July 20, 2017 – West Bend, WI – There will be a recommendation before the West Bend Common Council on Monday concerning the Deer Management Assistance Program.

During a meeting in November 2016 the Deer Management Assistant Program reviewed whether to issue special permits to allow bow hunting to trim the deer herd in local parks as neighbors asked city officials to help manage the deer in the city.

According to Park and Rec director Craig Hoeppner the Park and Rec staff did an old-fashioned deer drive and the count was 28 deer at Lac Lawrann, Ridge Run Park had 41 deer, Regner had 9 and Silverbrook Parkway had 18.

In March, Lac Lawrann voted unanimously that it be a test and sample site for a controlled hunt.

The Park & Recreation Commission voted unanimously at its June 29 meeting to forward the following recommendations to the Common Council regarding deer management in city parks.

Primary recommendation is to take no action at this time, for the following reasons:  Public Safety, costs to the City of West Bend, DNR has stated this is not a big problem overall and recent hunts in similar communities have had limited success and effectiveness.

Secondary recommendation, if the Common Council feels there is a deer problem in West Bend that needs to be addressed, it is strongly recommended to start with a test pilot program at Lac Lawrann Conservancy only.  The test would be done in the winter, during weekdays and under controlled circumstances.

Monday’s Common Council meeting begins at 6:30 p.m. in the council chambers at City Hall. The meeting is open to the public.


On a side note: What option do you think city officials should pursue?

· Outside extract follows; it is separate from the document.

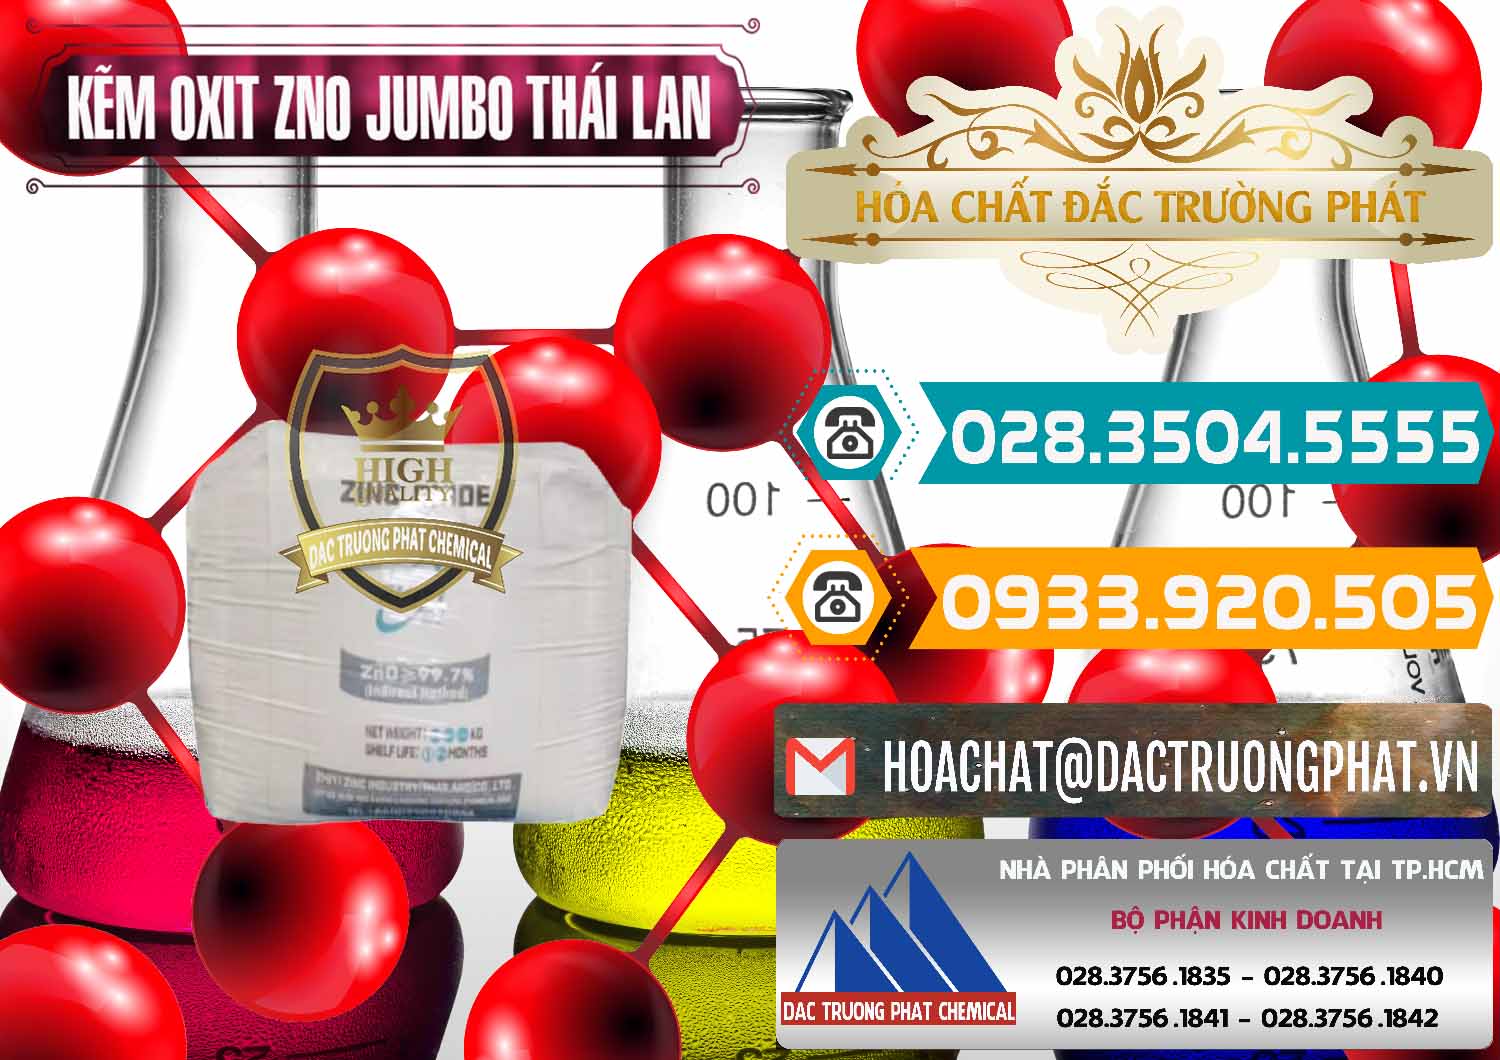 Nơi bán và cung cấp Zinc Oxide - Bột Kẽm Oxit ZNO Jumbo Bành Thái Lan Thailand - 0370 - Nhà phân phối & cung cấp hóa chất tại TP.HCM - congtyhoachat.vn

  1. I visit many of the parks, in our area, for personal recreation, parties, etc. It is rare that I see any deer while in these parks.
    One consideration should be addressed: Humans are continuing to destroy the animals’ “natural” habitat. It would seem that we should be finding ways for these animals to live, and flourish naturally. They, many times, have ways of controlling their own population without human interference.
    Another consideration: There may be a possibility that a few of the people who would get involved in the possible proposed program could abuse it to the extent that it could cause personal injury to others, irreparable damage to the parks and possible adjacent properties, and costs to the city and county that wouldn’t normally be accounted for. It is not clear to me what “controlled circumstances” in regard to this means. However, we can look at what is often done in other regulated recreational activities and locations to observe how even these activities can become problematic.
    My personal preference is the “Primary Recommendation.”